Superhero syllogism puzzle 1

Answer: b.
FACT 1: ALL superheroes … do good.
FACT 2: The Invisible Woman is a superhero
Therefore we can conclude from these facts alone that
NEW FACT: The Invisible Woman … does good.

Superhero syllogism puzzle 2

Answer: a.
FACT 1: ALL superheroes … sometimes accidentally do harm.
FACT 2: Jamila is a superhero
Therefore we can conclude from these facts alone that
NEW FACT: Jamila … sometimes accidentally does harm.

Superhero syllogism puzzle 3

Answer: d.
FACT 1: ALL supervillains … laugh in an evil way.
FACT 2: The Spider is a supervillain.
Therefore we can conclude from these facts alone that
NEW FACT: The Spider … laughs in an evil way.

Superhero syllogism puzzle 4

Something has gone wrong. We are told  that The Angel has no superpowers. They just wear a special flying suit. The new fact is therefore not true. This means that one of the original ‘facts’ was not actually true. If we start from things that are not true then the things we deduce will not be true either! In this case

EITHER: 

Some superheroes do NOT have superpowers

OR: 

The Angel is NOT a superhero.

Eating at Quonk: a tough puzzle?

cafe empty chairs
Image from pixabay

A group of friends: 2 women (Alice and Babs) and 2 men (Zach and Yabu) like to go out on dates to cool restaurants in pairs. There are four combinations they date in (Alice-Zach, Alice-Yabu, Babs-Zach and Babs-Yabu).
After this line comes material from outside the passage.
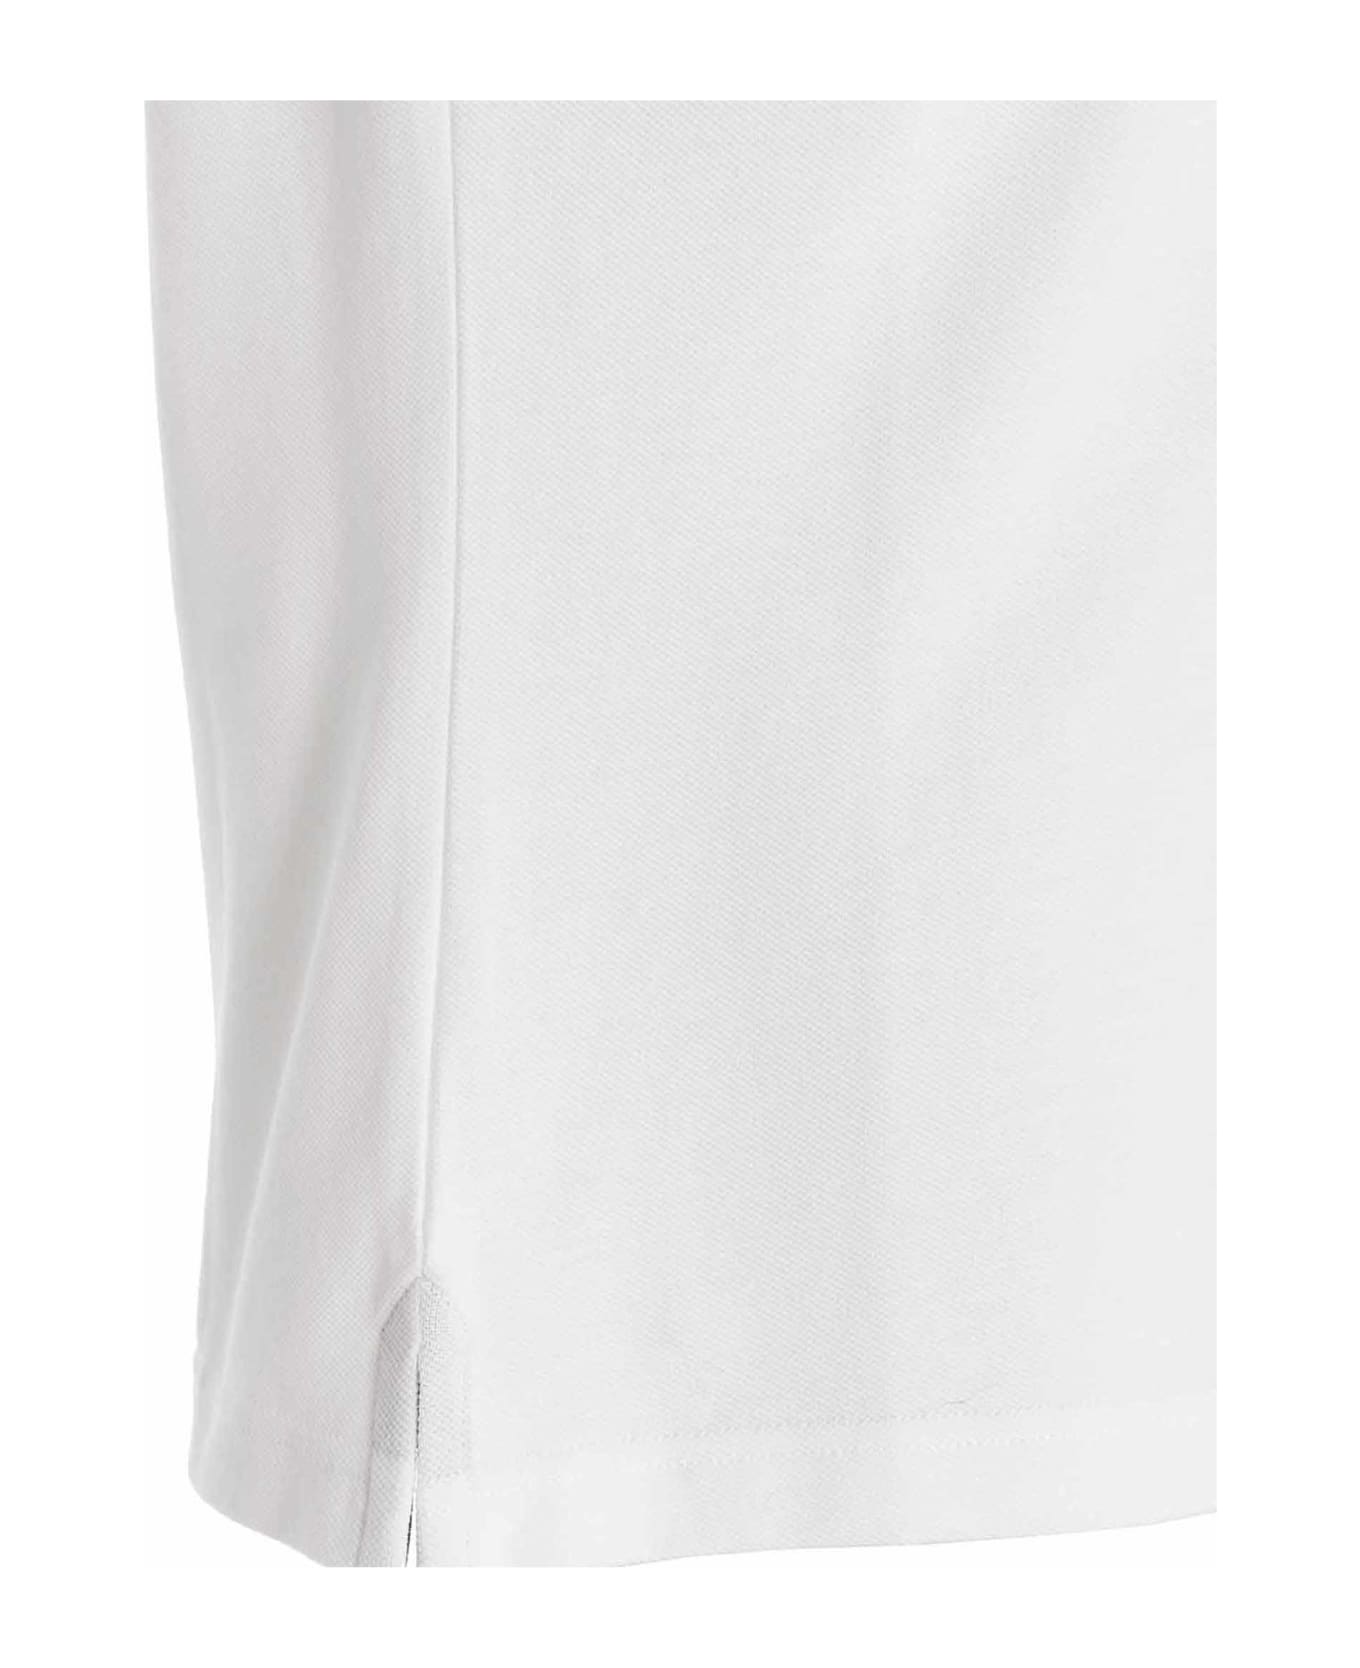 Barbour 'tartan' Polo Shirt - White Dress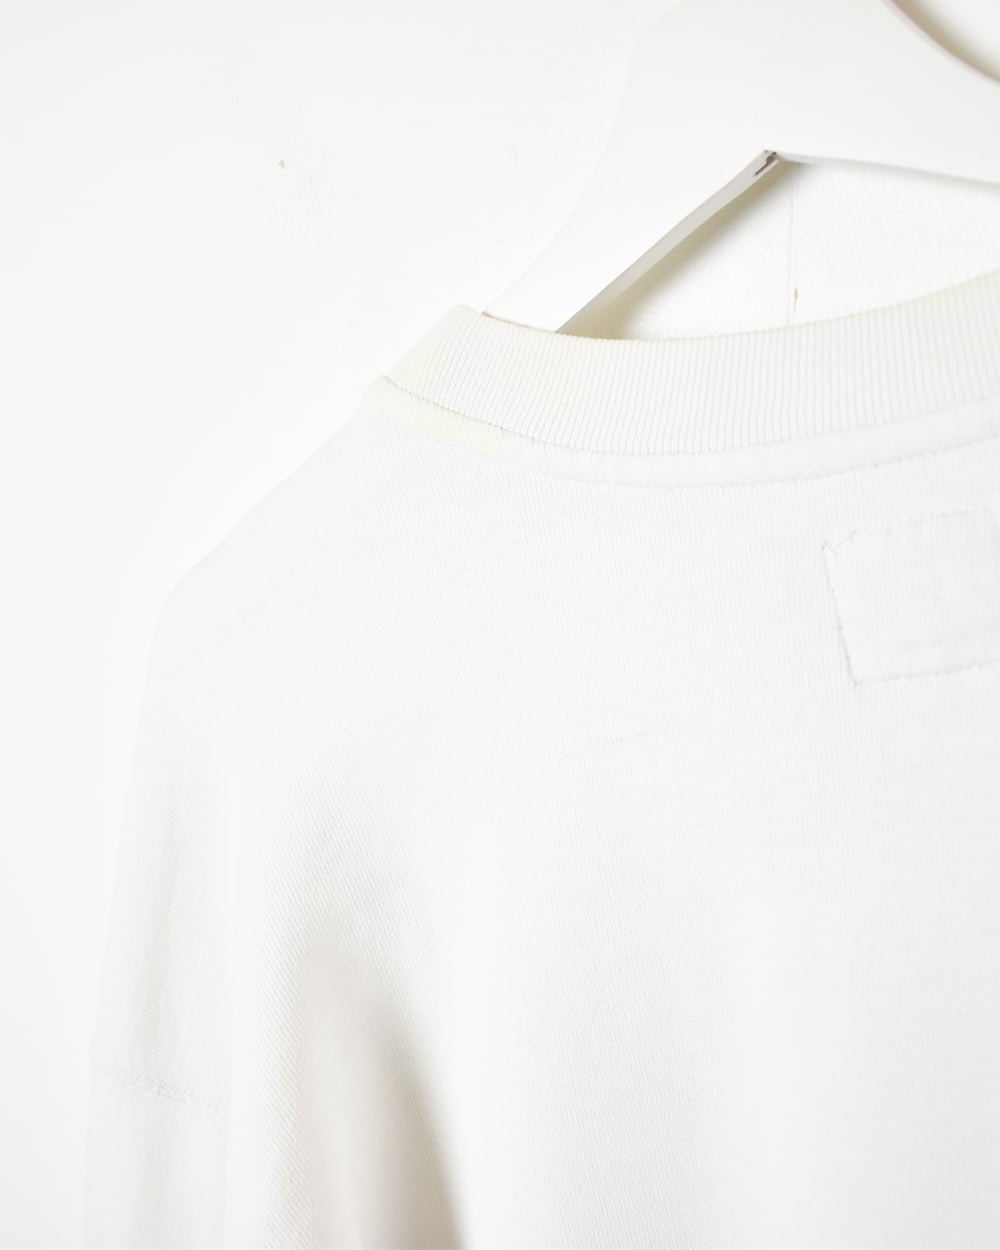 White Nike Sweatshirt - X-Large

The favourite restaurant of one of the men and one of the women is a place called Quonk. However if those two eat together they always try new restaurants as do the other pair if together. Therefore when exactly one and only one of the particular man and woman in question is on a date they eat at Quonk.

When Alice goes out with Zach they go to Quonk.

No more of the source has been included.